Final
- Champion: Karolína Plíšková
- Runner-up: Johanna Konta
- Score: 6–3, 6–4

Details
- Draw: 56 (8 Q / 5 WC )
- Seeds: 16

Events
| Singles | men | women |
| Doubles | men | women |
- ← 2018 · Italian Open · 2020 →

= 2019 Italian Open – Women's singles =

Karolína Plíšková defeated Johanna Konta in the final, 6–3, 6–4 to win the women's singles tennis title at the 2019 Italian Open.

Elina Svitolina was the two-time defending champion, but lost in the second round to Victoria Azarenka.
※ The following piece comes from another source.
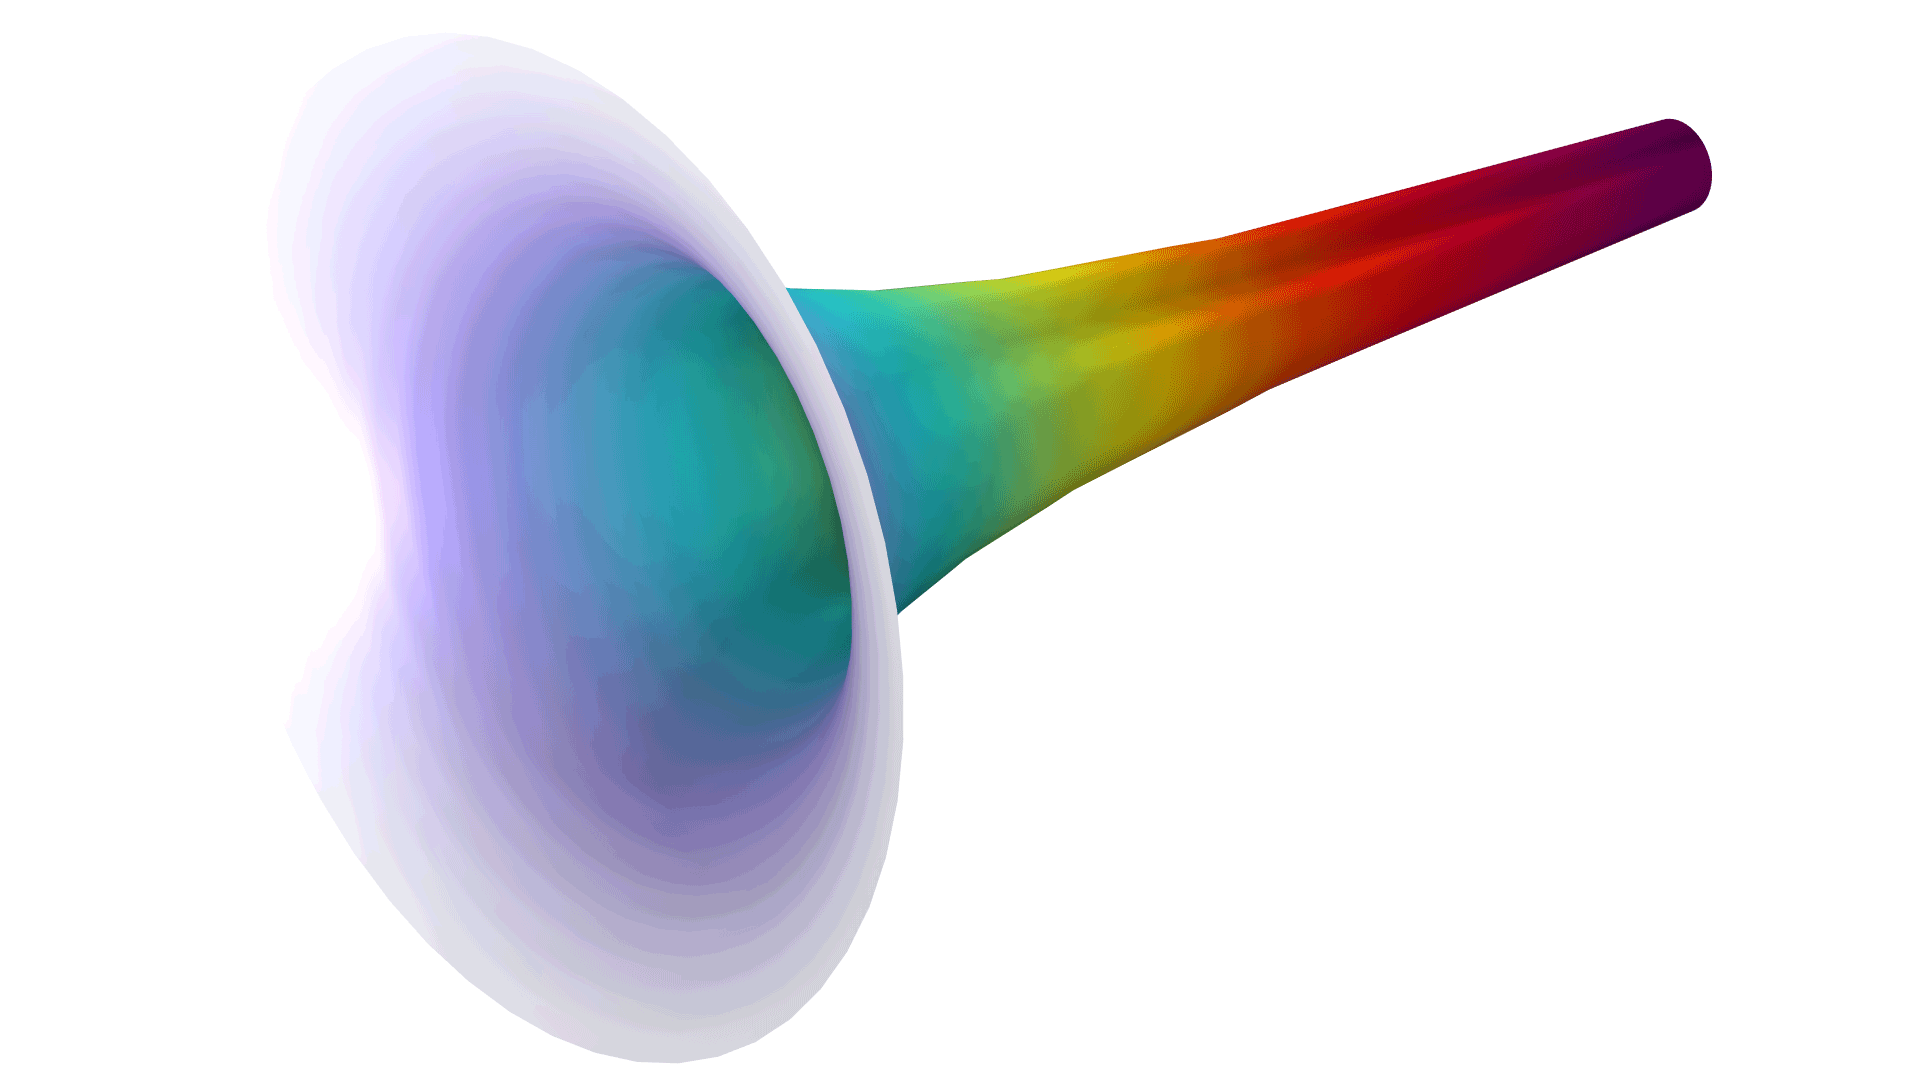 The electric field between two concentric cylinders in the Prism color table.

Naomi Osaka and Simona Halep were in contention for the WTA no. 1 singles ranking at the beginning of the tournament. Osaka retained the top ranking following Halep's loss in the second round.

This was the first Italian Open in eight years which was not won by either of Maria Sharapova, Serena Williams or Svitolina.

==Seeds==
The top eight seeds received a bye into the second round.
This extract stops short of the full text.